At ka = 3, you're still getting an Omni response within about 30 degree if the axis. But by ka = 5, your dispersion gets a bit chaotic:









Obviously these charts are illustrative only and not specific to my drivers, but as an order-of-magnitude astrophysicist sort of calculation, we should be fine at ka = 3 and getting out of hand at or above ka = 5.

So where I'm going this. The tweeters will play at a max of ka = 3 within the audible range. Keep my aiming to within 30 degrees of on-axis, and I should be fine.

High mids -









I could probably use the cone diameter for the most realistic result, but in the interest of a conservative fudge factor, we'll include the surround. So diameter 1-7/8", C = 5.9"
Ka = 1 at 2300 Hz
Ka = 2 at 4600 Hz
They only need to play up to 3.5 kHz, so should present as almost perfectly Omni regardless of where I place them. Only need to worry about distance to the ear and avoid reflections to the degree possible.

For the 6" woofers, and I'm getting really approximate here - 
C = 18.9
Ka = 1 at 700 Hz
I only planned to play them up to 800 Hz, again, should present as almost perfectly Omni.

(And you may have guessed, this is why so many of us resort to 3-way front stages - the woofers and mids will almost never beam as long as reasonable XO points are selected).

So what?

Well, I'm only going to worry about 
(1) aim the tweets
(2) equalize path length difference between tweets and mids since they are on a passive XO
(3) make high mids and low mids look decent in terms of OEM-ish locations & positions.

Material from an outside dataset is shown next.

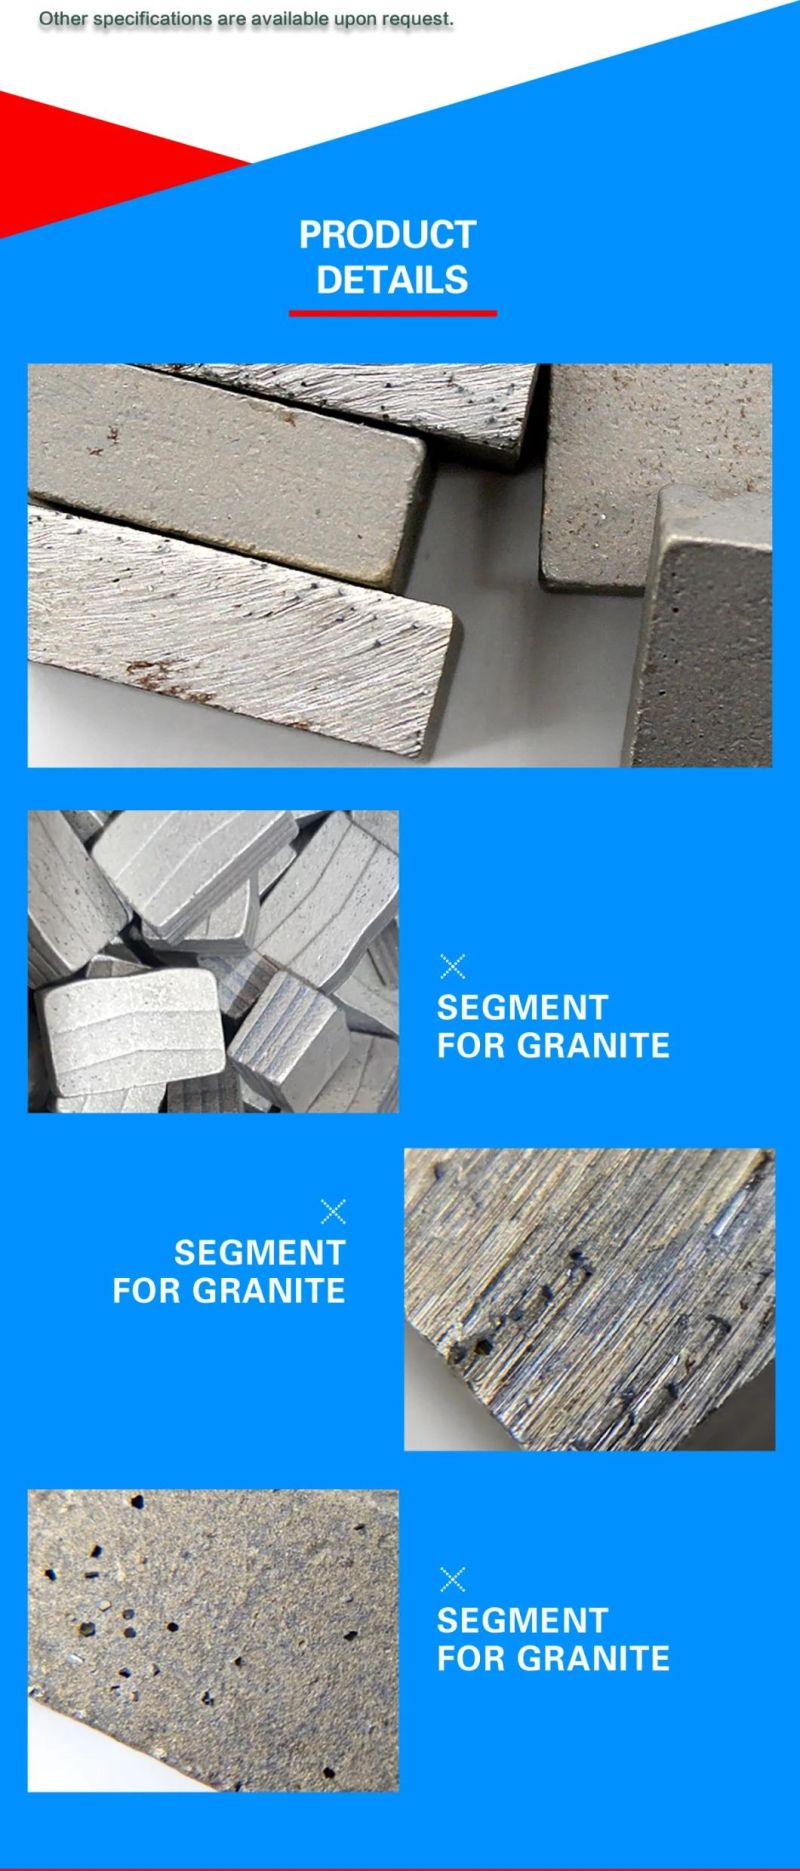 M Shape High Quality Diamond Segment for Granite, Stone Cutting with Good Sharpness

I think the only reason my ear was picking up a preference to have the tweeters and high mids colocated is this is the only time PLDs were really optimized. I think I can still make it work without resorting to a weird & destructive high-door mount for the mids.

That's all for today.


Sent from my iPhone using Tapatalk


----------



## TJ Mobile Audio (May 6, 2009)

Let's talk Lithium.

Earlier in the thread I expressed frustration at the odd-shaped battery compartment and limited choice of direct-fit battery upgrades. I threw a cheap Walmart battery in the car to get it going.

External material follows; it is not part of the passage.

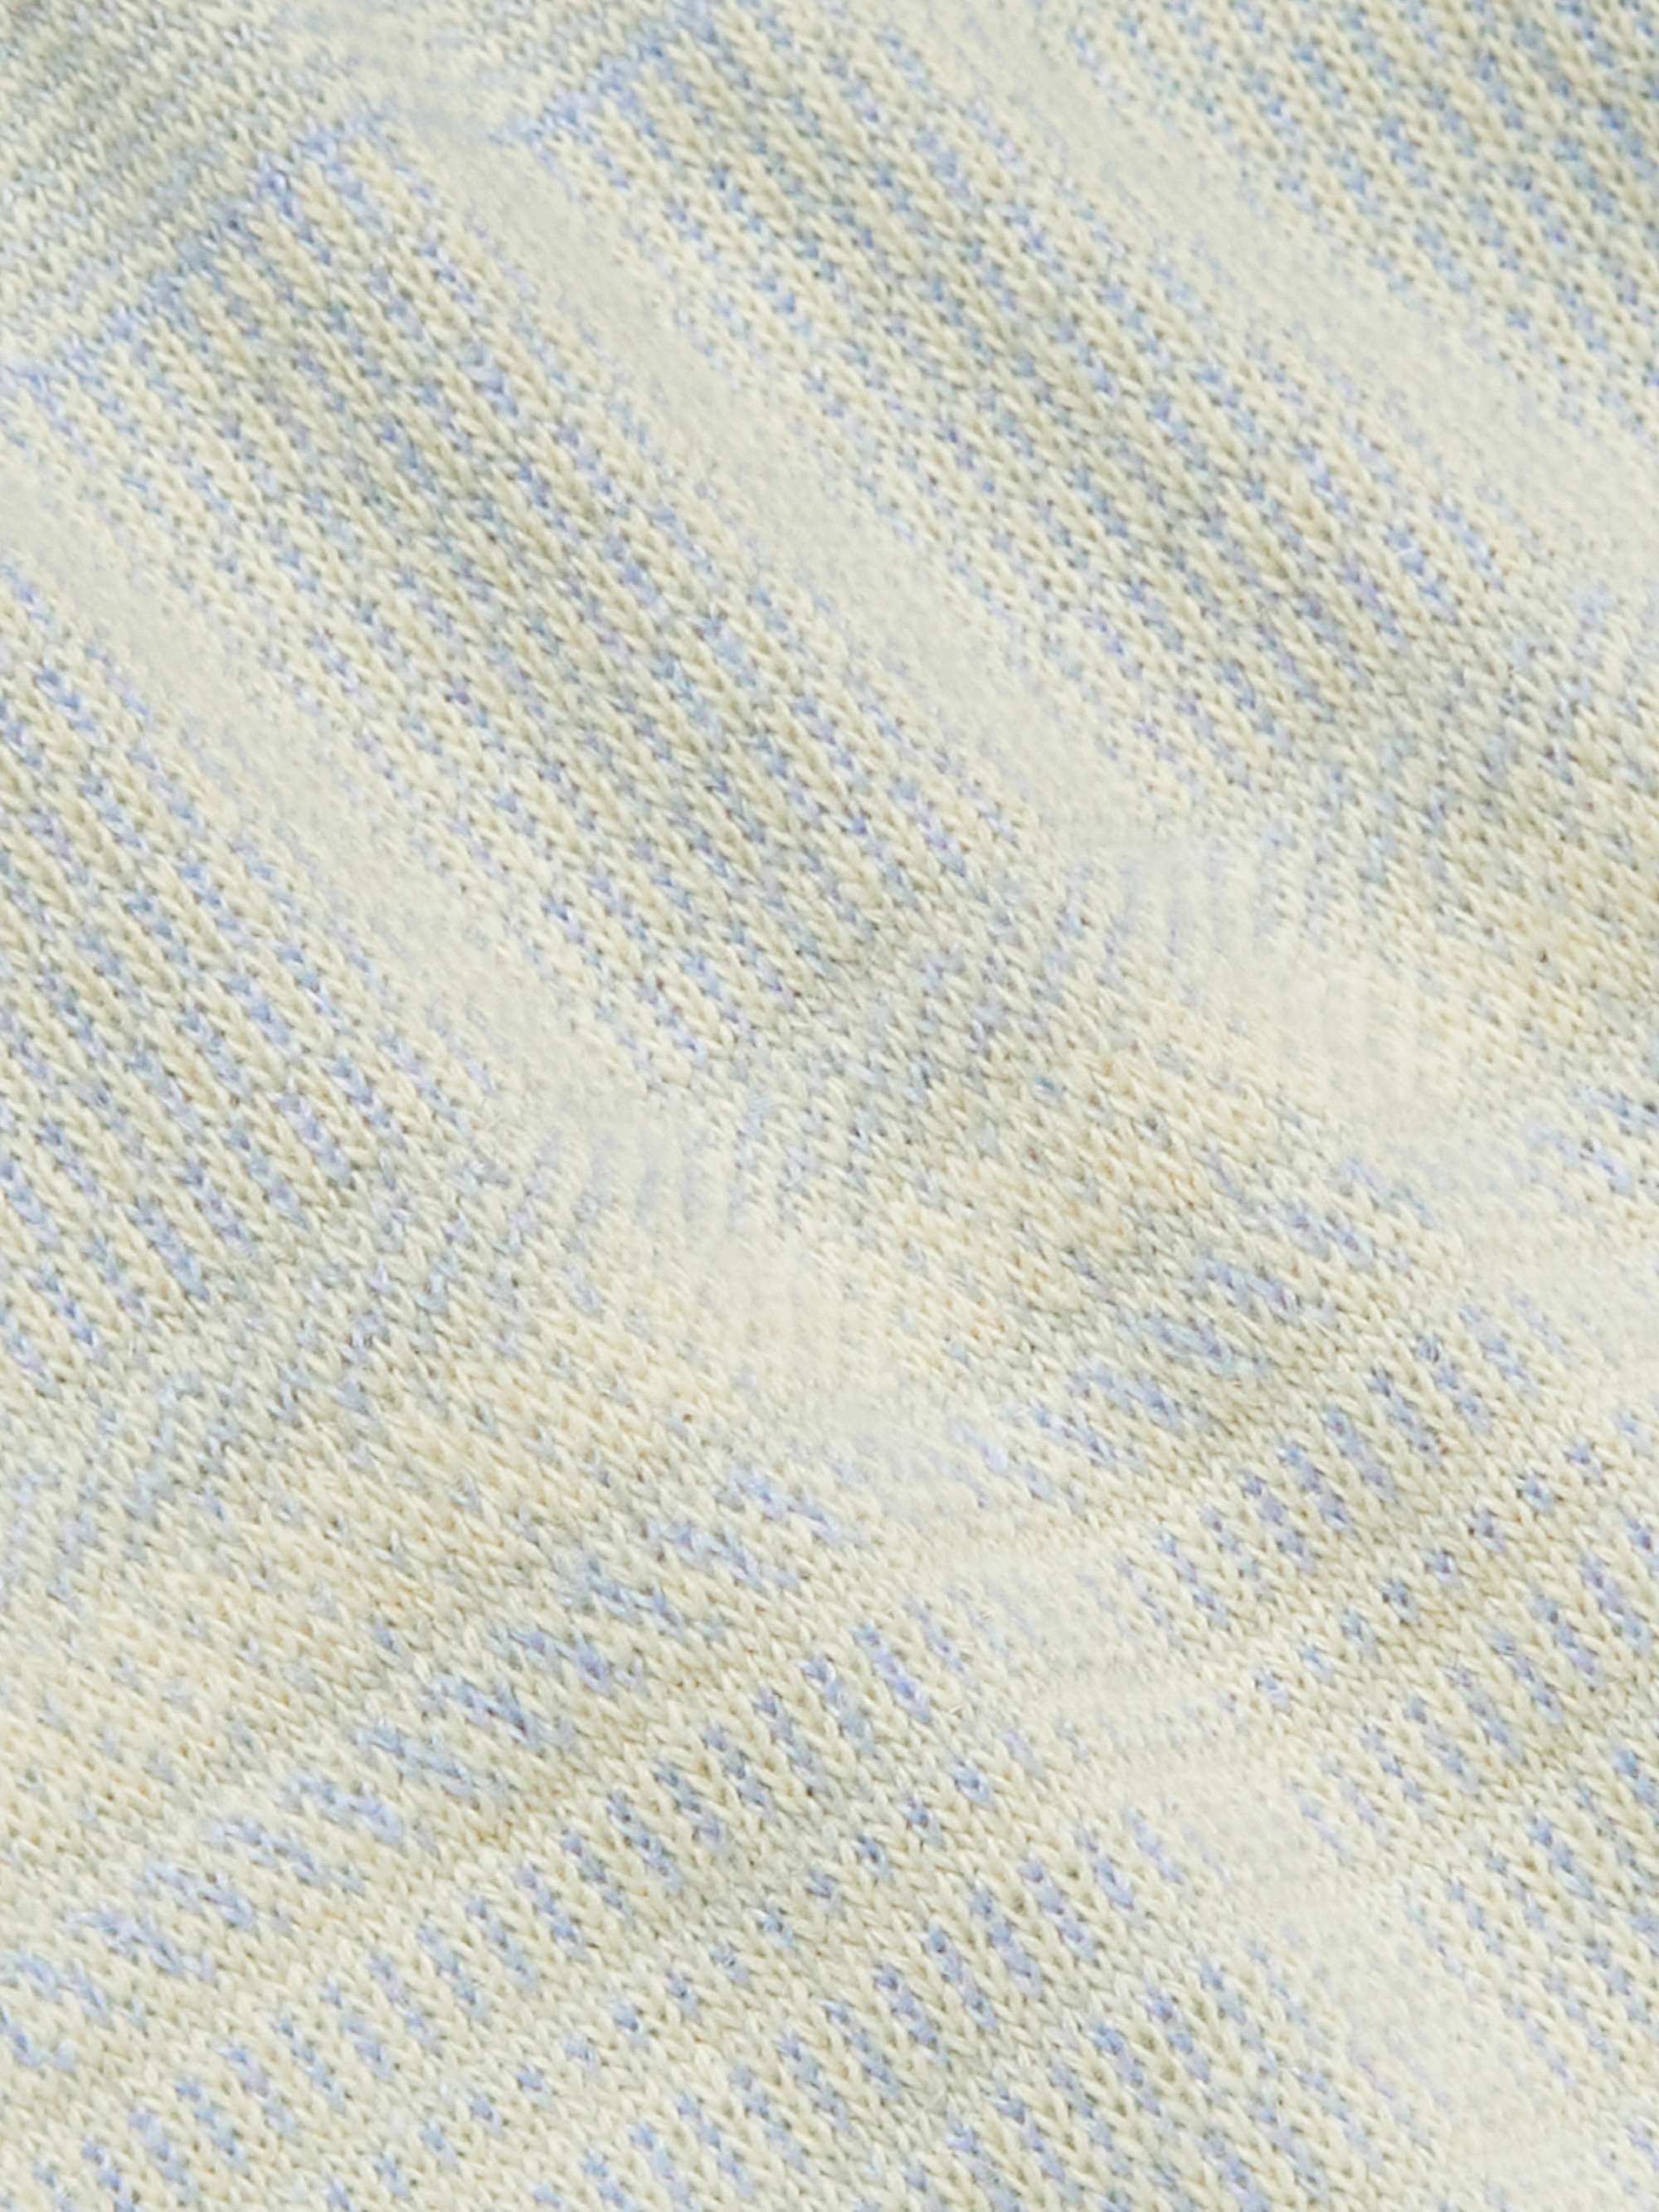 ASPESI Striped Virgin Wool-Blend Jacquard Sweater

Well, after having a supposedly new lead-acid fail a couple of weeks after I bought the car, and just recently having an AGM fail at 2.5 years on the Bimmer, I decided it's time to again embrace new battery tech. Prices have come down substantially on LiFePo4 (lithium iron phosphate) batteries, mostly due to the proliferation of electric cars.

So now that they are only 2-3x the price of a quality lead acid or AGM, and claim 2-3 times the lifespan, I can at least pretend to make an economic argument for the upgrade. My Bimmer's battery was toast, the Escort's cheap and a lower capacity than I like for a stereo build, and the Atlas is 3.5 years into an OEM battery that is notorious for early failures. The Escort battery I can use for a 12V workbench power supply with one of my extra trickle chargers wired to the terminals.

So, 34 was recommended for my upgrade earlier, but I couldn't find a reputable manufacturer building Group 34 LiFePo4 batts.

Group 58? Nope

Group 59? Nope

Group 47 (H6)? Plenty of options. This one fits nicely, but terminals are reversed.

Group 35 (spec from the first and second gen Escorts iirc)? Again, nope.

I found both PowerTex and Dakota Lithium selling group 24 starting batteries, which are quite tall, but roughly the right size and length. I took some measurements and convinced myself I could make it work, then threw a PowerTex in my cart. Noticed a 10% promo for first purchase, so I grouped that with an H7 for the Atlas and got two batteries for about a grand. (Let's just not talk price about the one I put in the Bimmer, okay?)

Next, I set to work modifying the battery tray to accommodate. Unfortunately this ended up taking up pretty much my entire afternoon, but I'm satisfied that I've got a mounting system that holds as securely as the original.

Step one: make a modified blade for my nibbler (that's what I call a reciprocating multi-tool)









Next, the offending section removed:










Sent from my iPhone using Tapatalk


----------



## TJ Mobile Audio (May 6, 2009)

I used a sacrificial drill it and some hammer forming to approximate the shape of the battery hold-downs:









Two halves of a chop stick, and a half inch extension as a spacer (full disclosure, this proved to be just slightly too tight, and I remounted these later).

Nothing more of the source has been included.